Risk Management Comments

Within two years of the patient’s death, the patient’s husband (co-plaintiff), mother (co-plaintiff) and estate (co-plaintiff) filed a lawsuit against our insured FNP, the practice and the collaborating physician who examined the patient. 

The plaintiffs alleged that our insured failed to recognize and assess dangerous signs of infection. The elevated heart rate (136 BPM) and scattered lesions should have prompted the insured to order additional testing (i.e., laboratory or blood work) or send the patient to the ED for evaluation. Plaintiffs’ experts were expected to testify that had the insured sent the patient to the ED on October 1st, she would have survived because time is of the essence with septic infections. 

When the lawsuit was filed, initially the defense experts were supportive of our insured’s actions and stated that they could offer explanations as to the elevated heart rate. They felt that the FNP’s documentation was comprehensive and thorough. However, as the lawsuit progressed, and additional infectious disease and internal medicine experts were retained, there was a great deal of questioning placed on the unexplained elevated heart rate during the visit with the insured, regardless of the presence of a lesion.  
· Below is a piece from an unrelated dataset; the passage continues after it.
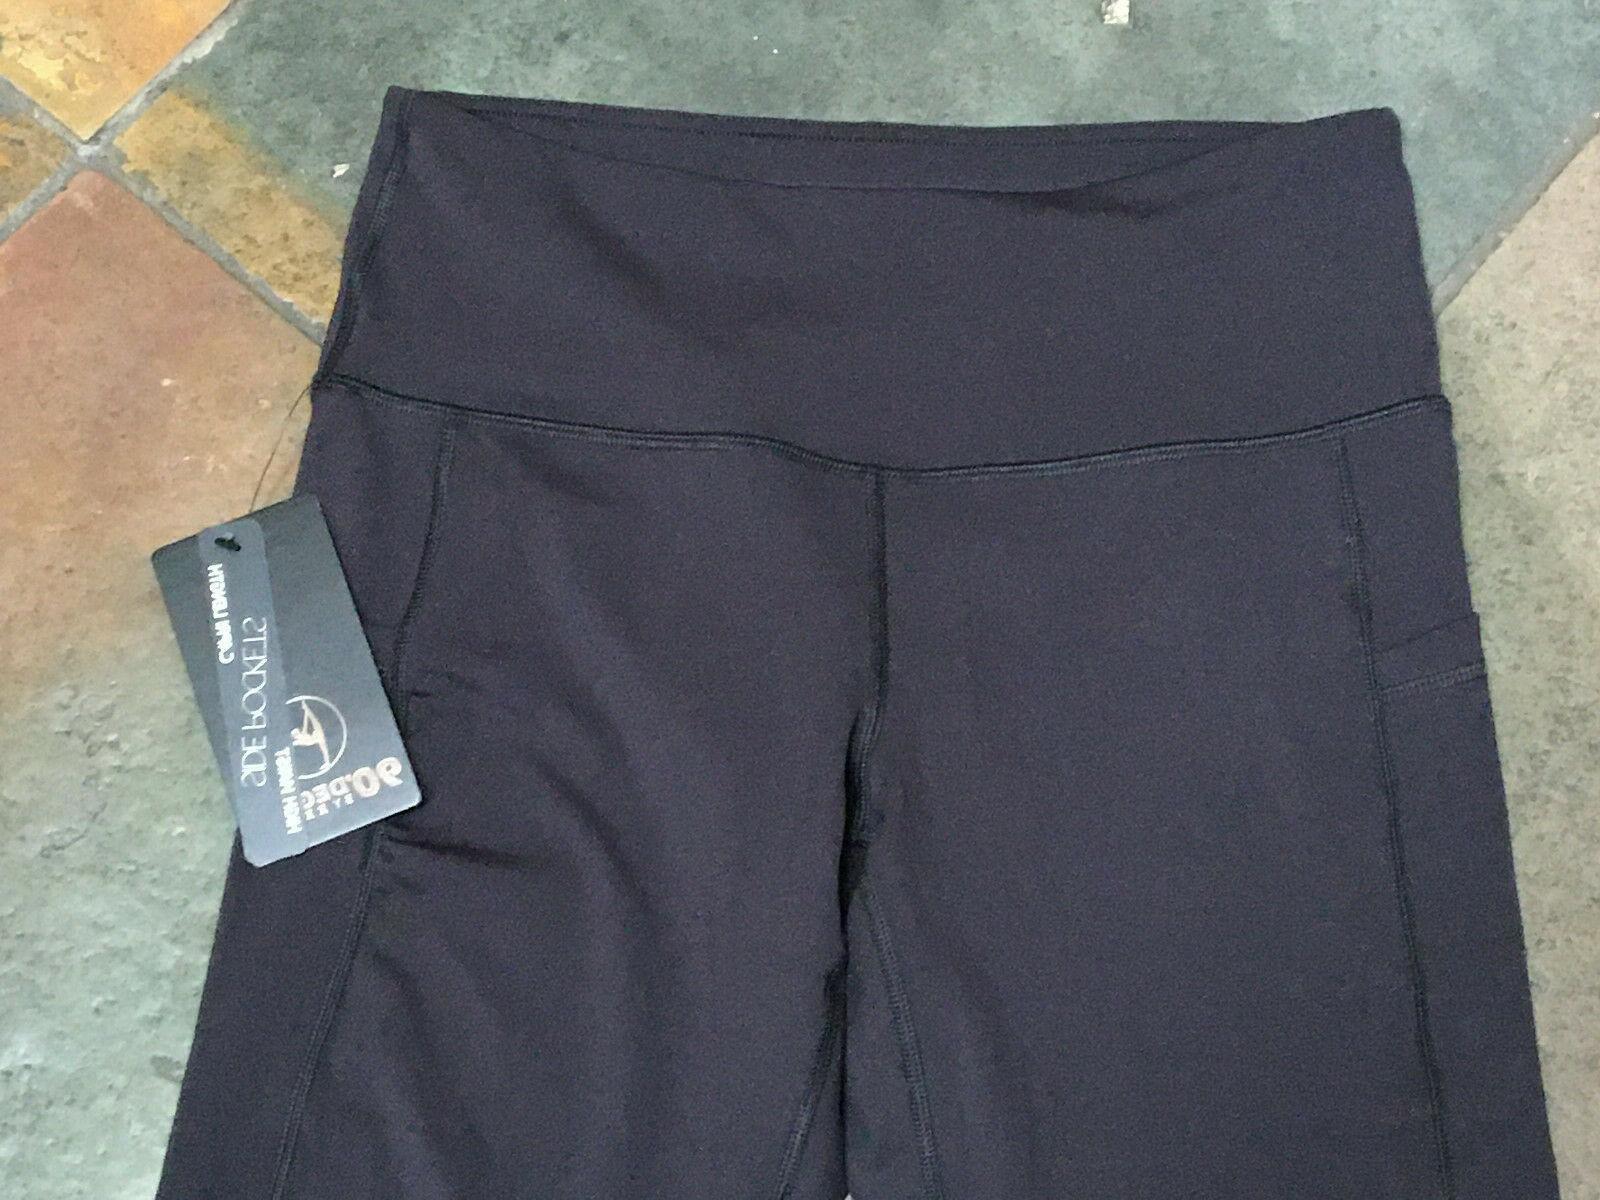 0920 90 Degree Reflex Waist Capri W Pockets #CW62391 NWT B

During the insured’s deposition, she testified that the patient’s heart beat did not trigger the need for further investigation.  When the FNP auscultated the patient’s heart after sitting on the examination table for several minutes, it did not trigger her to think that her heart rate was very rapid or abnormal. The insured did recall noting the heart rate in the healthcare record and speaking with patient about her heartrate during the examination but failed to document that conversation. The insured assumed the 136 BPM rate was inaccurate as the nursing staff had made errors similar to this with other patients. The insured also stated that the heart rate is only one piece of information used to diagnose and that abnormality alone would not have prompted her to order further diagnostic testing. 
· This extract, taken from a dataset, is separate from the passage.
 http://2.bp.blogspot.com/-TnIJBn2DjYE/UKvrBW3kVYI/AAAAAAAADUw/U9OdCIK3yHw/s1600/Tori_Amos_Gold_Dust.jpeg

Plaintiffs presented equally qualified counter FNP and medical experts. Between the two narratives the plaintiffs and the defense were presenting, the defense felt that there was a high risk that the jury would be swayed by the sympathetic narrative of the untimely death of a young woman. 

The decedent’s mother and husband presented well at their depositions and would make strong and sympathetic witnesses. The patient’s mother was expected to testify to the emotional strain of helping raise her granddaughters after her daughter’s sudden and tragic death. 

The defense experts placed a conservative value for the total, combined verdict for all defendants at approximately $5 million. However, given the patient’s otherwise good health, age, and young children beneficiaries, the defense experts advised that the potential for a defense verdict in favor of the FNP was remote. 


The claim was settled on behalf of our insured FNP for the policy limits prior to a jury trial. The practice and the collaborating physician also settled with the plaintiffs, but the amount of the total settlement is unknown.

Indemnity and legal fees totaled more than $1.1 million
(Monetary amounts represent the payments made solely on behalf of the insured treating nurse practitioner.) 

Risk Control Recommendations 

  • Work in areas that are consistent with licensure, specialty certification, training and experience.
  • Gather, document and utilize an appropriate patient clinical history, as well as relevant social and family history. 
  • Perform a physical examination to determine the patient’s health status and evaluate the patient’s current symptoms/complaints. 
  • Utilize evidence-based clinical practice guidelines or protocols when establishing a diagnosis and providing treatment, and document the clinical justification for deviations in protocols. 
  • Document all patient-related discussions, consultations, clinical information and actions taken, including any treatment orders provided.
  • Engage in timely and proactive discussions with physicians and other members of the care team to ensure that the team is educated about the patient’s treatment plan.